Nanny, small and pear-shaped in a blue winter jogging suit, is breaking eggs on the side of a big iron skillet. Nanny’s lived through the First World War, the Great Depression, the Second World War, the cold war, an alcoholic husband, the deaths of her grandparents, pare
nts, husband, one grandchild, and nearly all her contemporaries, and now, a ninety-something in the new world order, she is as peaceful and content as any Buddhist monk. She believes in Jesus, forgiveness. She is not afraid to die. Appalled by the relentless cascade of violence and crime on the news, she mourns the days when you never locked the doors, has no illusions about the human capacity for weakness, addiction, excess, pure incomprehensible evil, and she always sounds like a sweet, cheerful child. Turning at my footsteps, she smiles and says, “Good morning. It’s a beautiful day. They predicted rain but I don’t think it’s going to rain.”
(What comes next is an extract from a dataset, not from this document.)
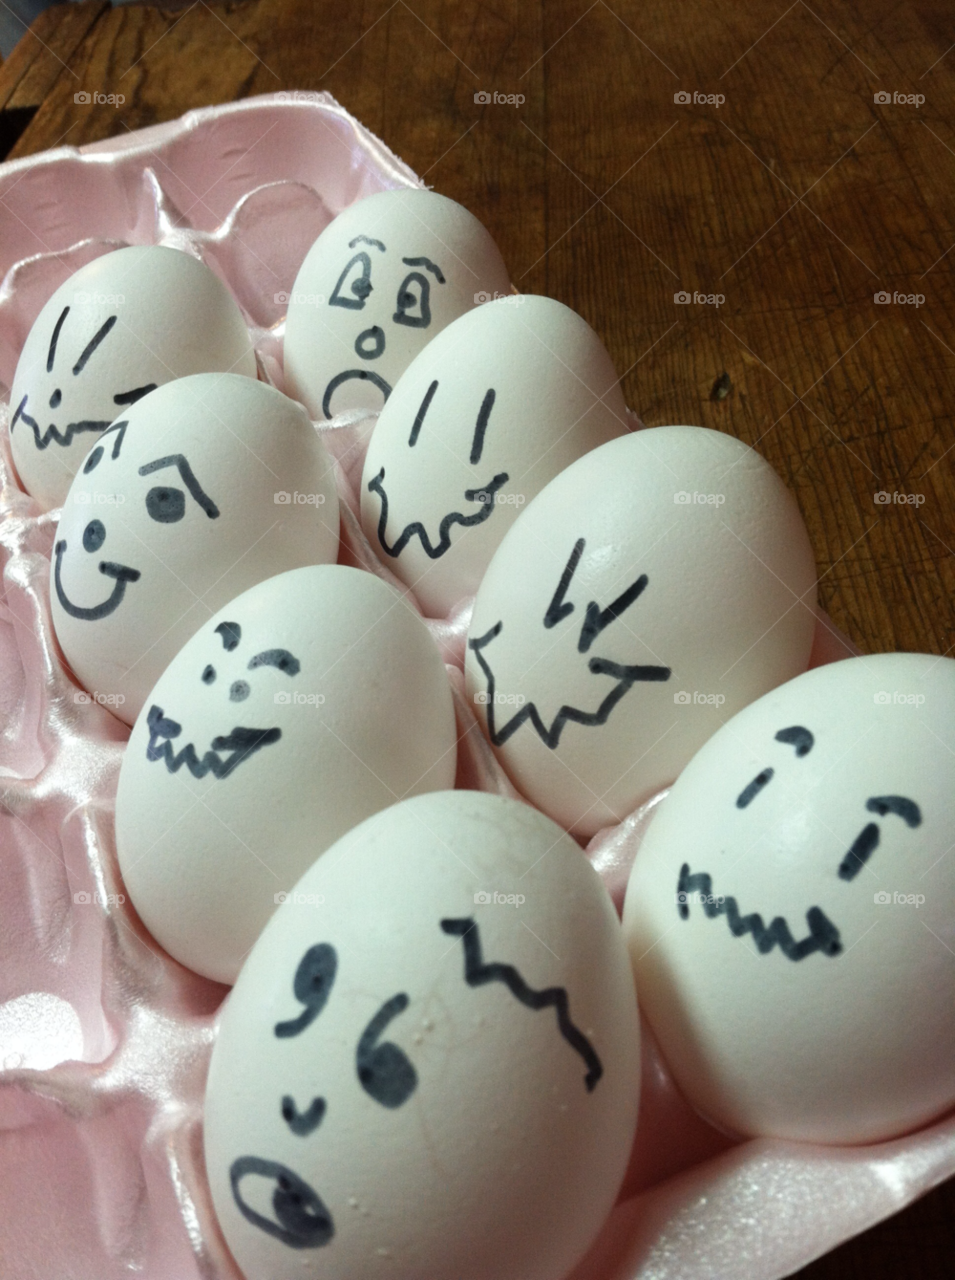 funny faces eggs egg by jasonoleham

“Morning, Nanny.” I come into the circle of brighter light around the stove. “Let me do that.”
“No, no, I’m almost finished.” Her hands, gnarled like old roots, stir the skillet rapidly with a spatula that I seem to remember from my childhood. “Pour us some juice, please.”
In the breakfast room, set through double lattice doors off the kitchen in the back corner of the house, filling the juice glasses from a carton of Tropicana, I see a crow fly through the mist and land on a bare branch close to the window. Nanny glides to the table in slow motion with her slippers never leaving the floor, carrying the skillet. She peers through a dead stranger’s transplanted corneas out the window at the crow and says, “Good morning, Sam.”
Caw, caw, caw, Sam calls.
“Here, Nanny,” I say, taking the skillet.
“Thank you, son.” Nanny sits down by her bowl of Grape-Nuts and a slice of grapefruit.
“Granddad would have liked Sam.” I carry the skillet back to the sink. “I remember how he put suet out for the woodpeckers.”
“Morgan loved wildlife. One cold fall Sunday he found a little hummingbird just lying on the back steps, alive but half frozen. I went off to church and he took it up to your room, where the sun was streaming in through the windows, and revived it with a mixture of sugar water and whiskey from an eyedropper. When I got back, it was flying around in the bright light. The day had warmed up and Morgan opened the window and out it flew. We hoped that it would catch up with its kin migrating south. Morgan was a kind, gentle man.”